15.3.14



Caer en el cielo

Este mundo nuestro no es avaro en emociones. Podemos quejarnos de todo, pero no de monotonía. Tenemos guerras de grande y pequeño formato, tenemos transplantes, infartos cardíacos, tenemos hippies y el poder de la flor (y el poder negro también), tenemos los movimientos de la corteza terrestre y los terremotos sociales, las campañas presidenciales, los asesinatos de presidentes o candidatos, las drogas y las modas, y las excursiones turísticas, y los retrasos de los trenes, y los ordenadores, que puntualmente preparan el descubrimiento de cualquier cosa para cualquier día, y (como la lista no se acabaría nunca) estamos también nosotros en este mundo, queriendo saber qué pasa por ahí, o al contrario, nada interesados en saberlo. Todo esto, de una manera o de otra, llena nuestro tiempo. Y así lo vamos matando (al tiempo), vagamente inquietos, vagamente perplejos, como actores que de repente se hubieran olvidado del papel y mirasen desconcertados, a la espera de que el apuntador les sople el texto que les permita volver a engranar sus palabras. Y el problema es este: que nos falta apuntador.
Mientras tanto, en esta disponibilidad en que vivimos, puede ocurrir (y ocurre) que, en un momento dado, un lugar, una luz determinada, nos haga viajar en el tiempo, viajar hacia atrás, hacia otra hora, otra luz y otro lugar que, generosamente, nos hayan colmado de promesas.

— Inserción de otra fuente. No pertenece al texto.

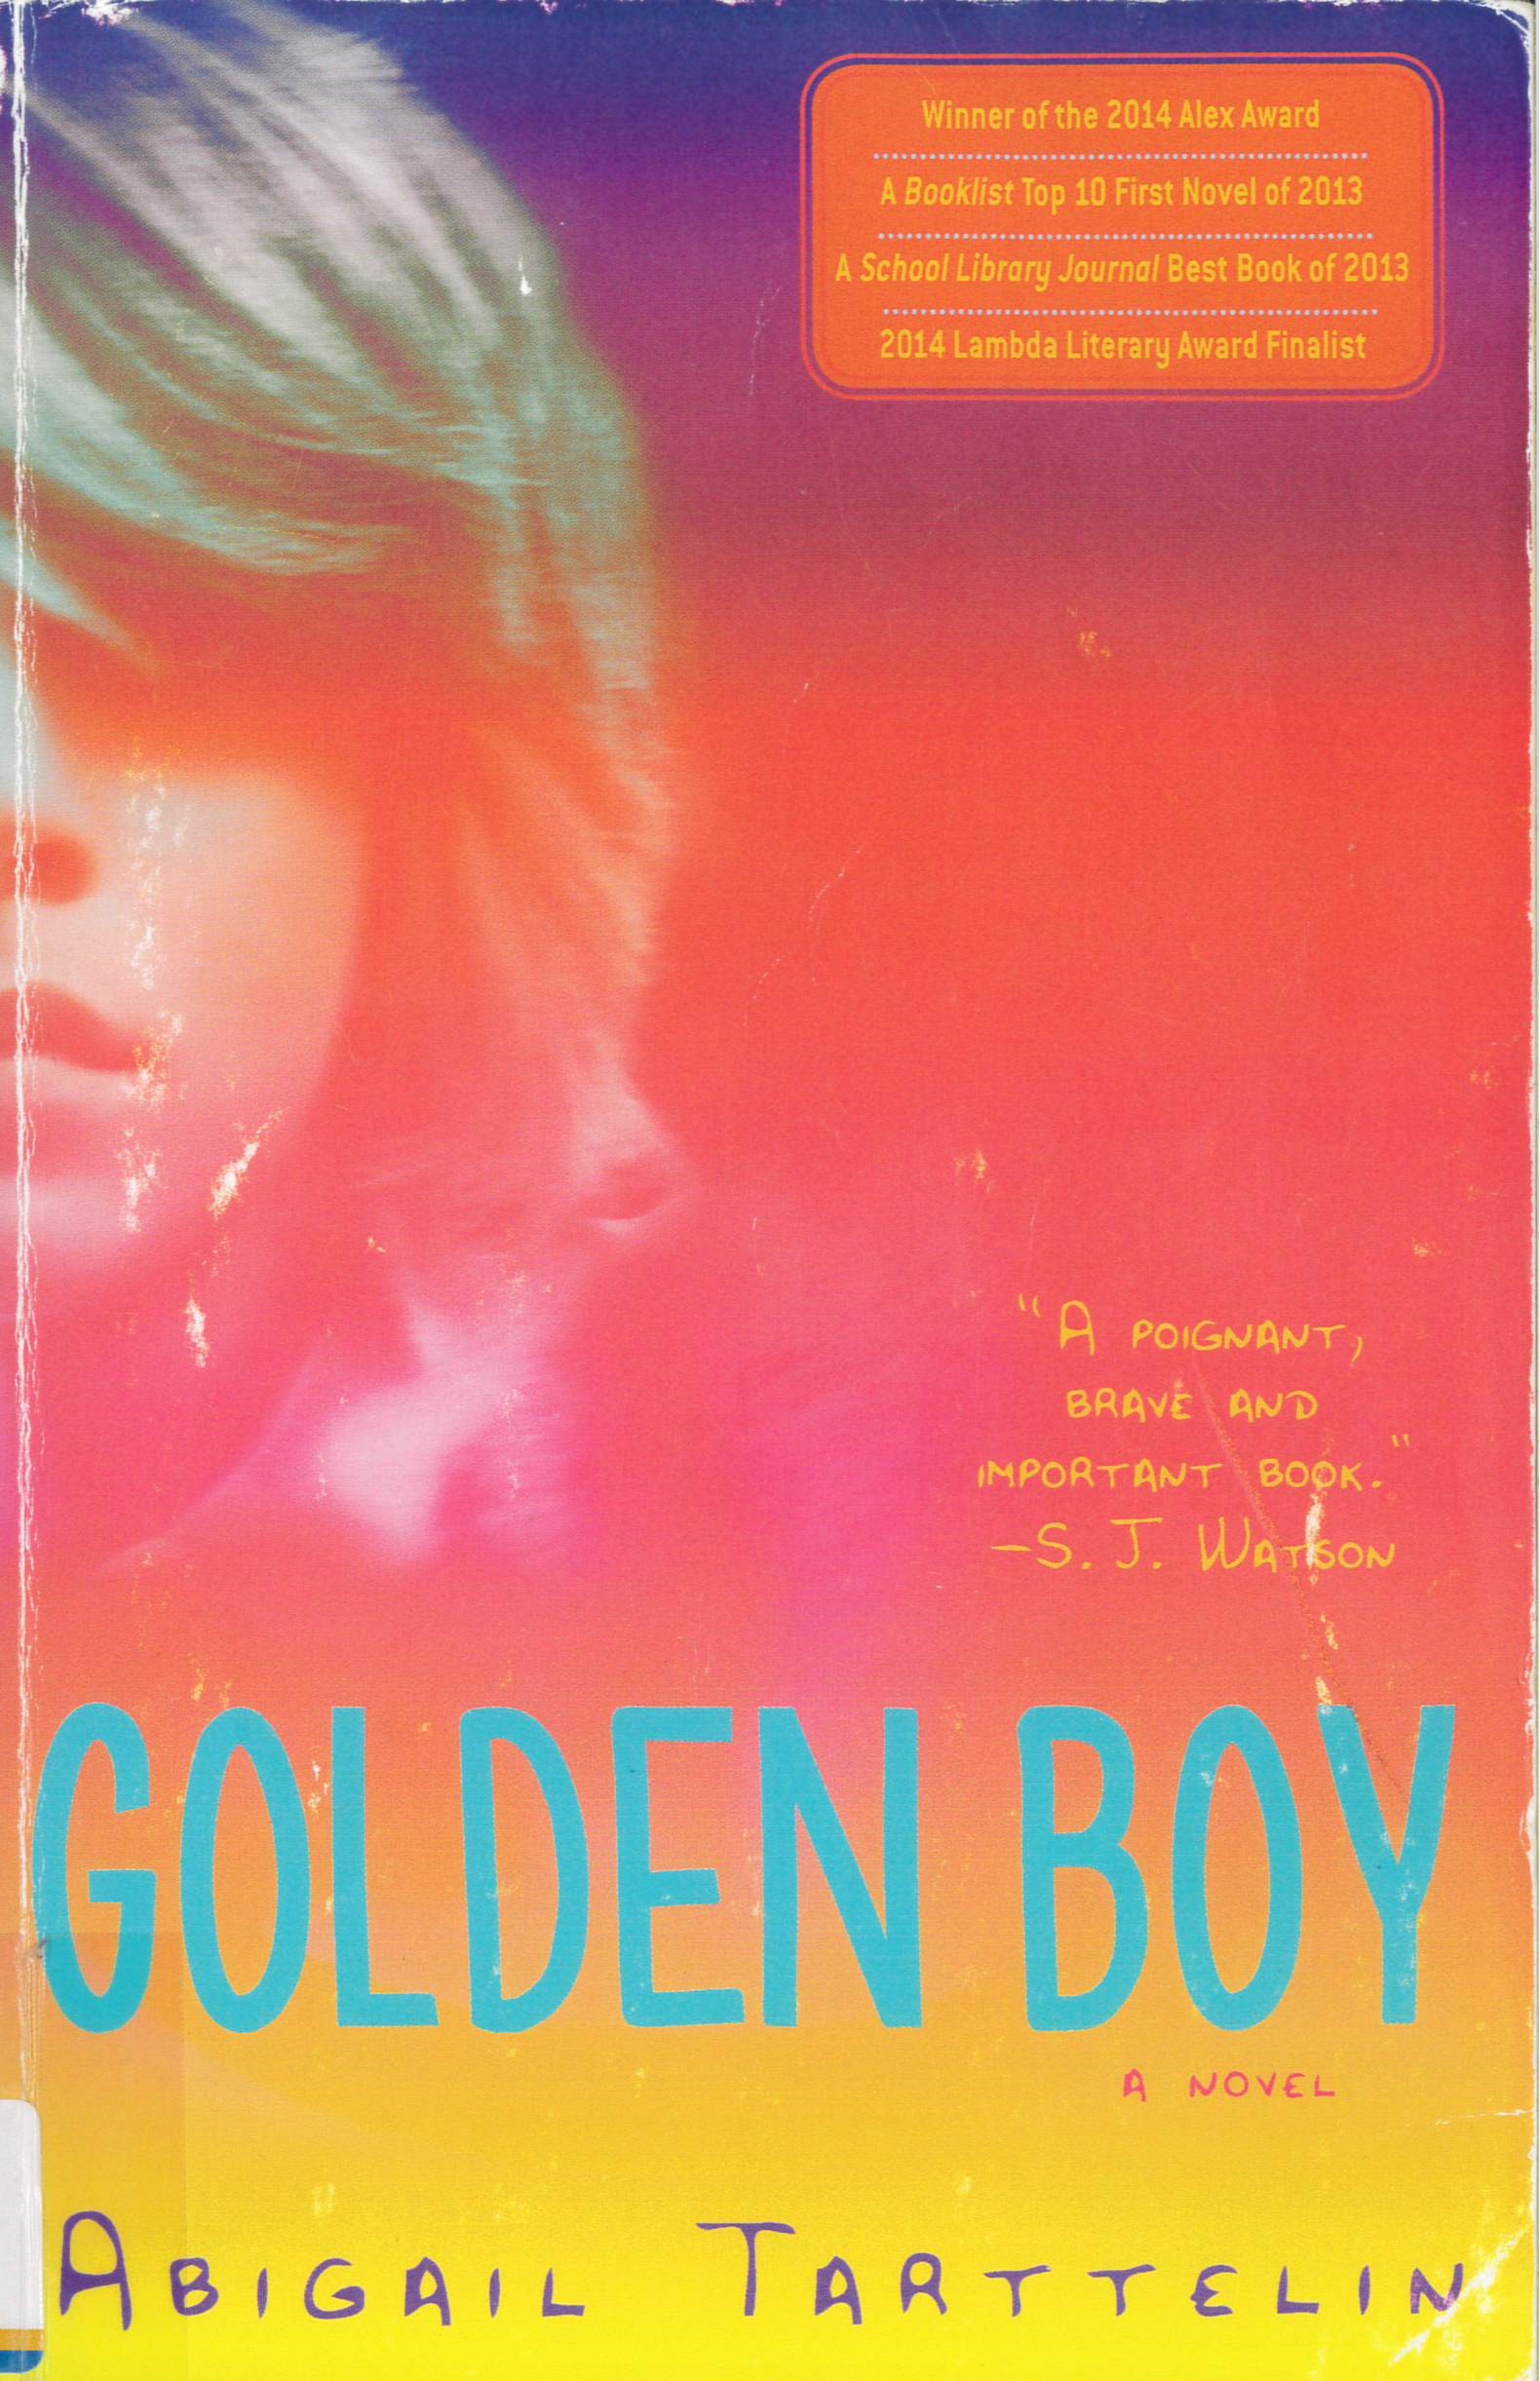 Golden boy : a novel /

Nos viene entonces el remordimiento de no haber sido, o de haber sido menos de lo que a nosotros mismos nos debíamos. Parece complicado, pero es muy sencillo.

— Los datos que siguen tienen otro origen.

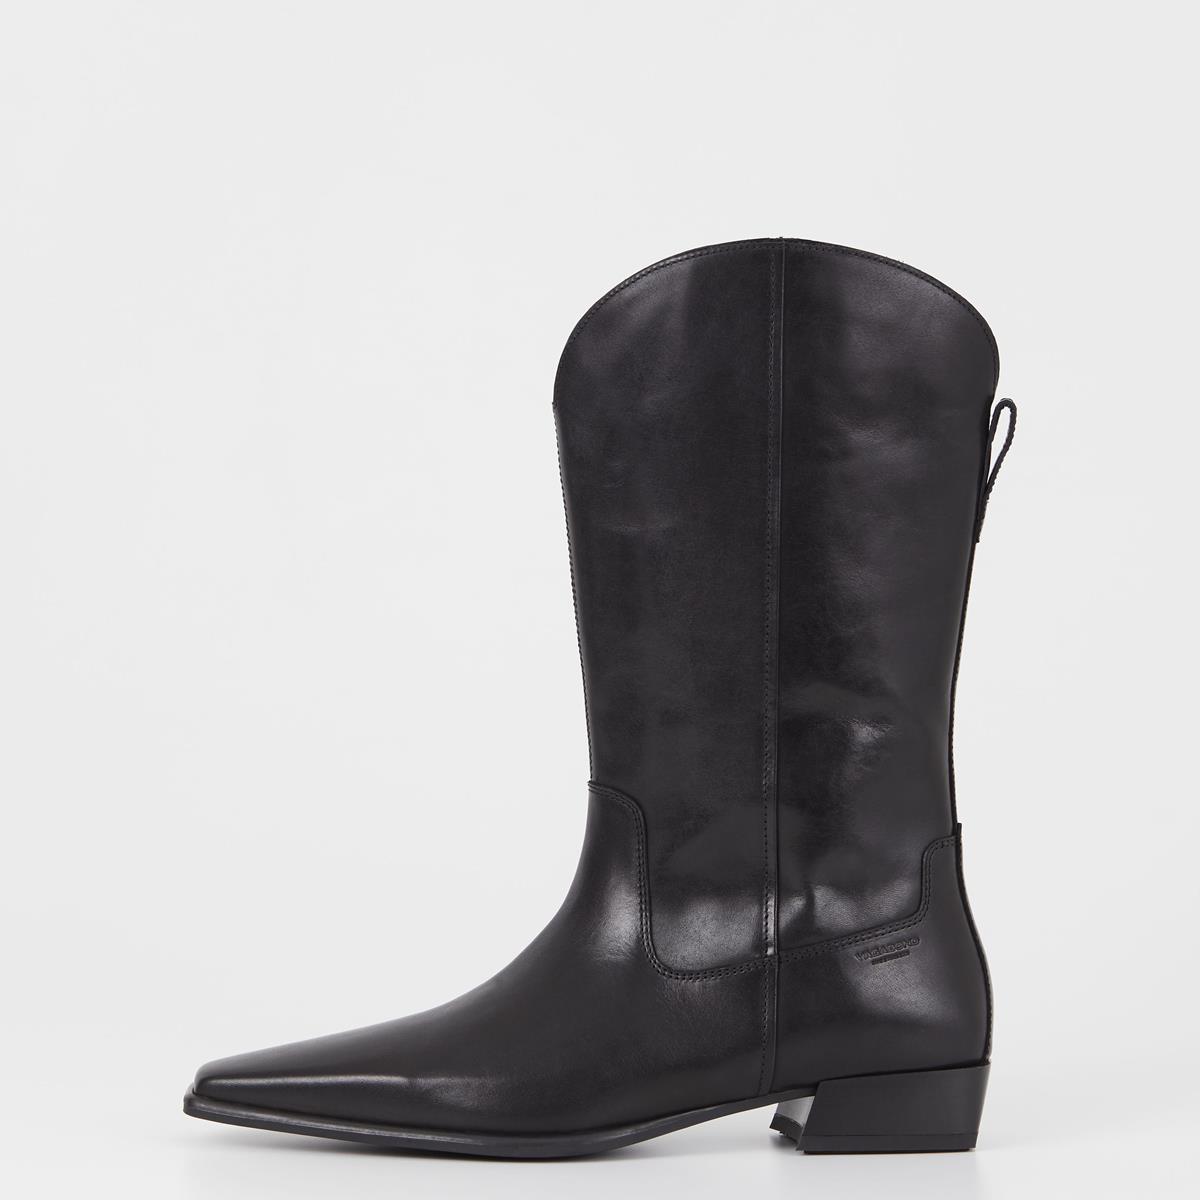 Nella - Black Boots Woman | Vagabond

Recuerdo que hace muchos años estaba yo tumbado en el suelo, en el campo (todos nosotros deberíamos haber nacido y vivido en el campo), con el cielo encima, azul, con lentas nubes. De espaldas, era la posición, y es la posición para quien quiera someterse a la experiencia. Es importante que haya silencio (un leve fondo sonoro de cigarras, follaje y trinos de aves son cosas que no perturban. De todo esto había en el momento que hablo). Estaba yo tumbado de espaldas y tenía el cielo sobre mí. Y bruscamente el cielo se convirtió en algo donde uno podía caer. No era la fuerza de la gravedad lo que me mantenía pegado a tierra sino mi voluntad. Con las manos extendidas en el suelo, enterraba los dedos en la hierba blanda - mientras el cielo se volvía cada vez más profundo y azul, y las nubes más lentas, hasta quedar todo en suspenso en un minuto de terror absoluto y de fascinación. Yo iba a caer en el cielo infinitamente. Animal de este planeta, sin alas que me llevasen siquiera a la nube más baja, me senté bruscamente, rodé de bruces, pegando el rostro a la tierra húmeda. Sólo por eso no fui el primer cosmonauta de la historia.
Fue una pequeña emoción en un mundo ya entonces abundante en emociones. Ahora bien, hace unos días me ocurrió también de nuevo estar a punto de caer en el cielo.
Era también azul, y había nubes. No alborotaban las cigarras ni los pájaros. El tiempo pasado se anuló de pronto, el hombre se encontró convertido en niño - y el cielo renovó sus tentaciones. ¿Qué ha sido lo que yo no hice?, me pregunto, pues, ahora. ¿Qué cosas me fueron prometidas y negadas, o dadas y perdidas? ¿Qué viene a hacer aquí este hermoso demonio azul, este vértigo, esta tentación de renuncia; o sólo la rápida consciencia de una dimensión poética que el mundo no aguanta, o no la aguanto yo viviendo en él?
Me dejé estar mirando al cielo. Sabía muy bien que no iba a caer hacia arriba. El tiempo reconstruyó lo que había deshecho: me encontré de nuevo siendo quien soy y en el mundo en el que vivo. Vagamente inquieto, vagamente perplejo primero, pero pronto, mientras me secaba una gota de sudor que se deslizaba a lo largo de mi pescuezo, recobré el recuerdo de la frase que había olvidado: "No sé qué hago aquí, y es importante que lo sepa. Pero más importante es hacer". Y me volví hacia mi lado derecho como quien se reconoce y se entrega.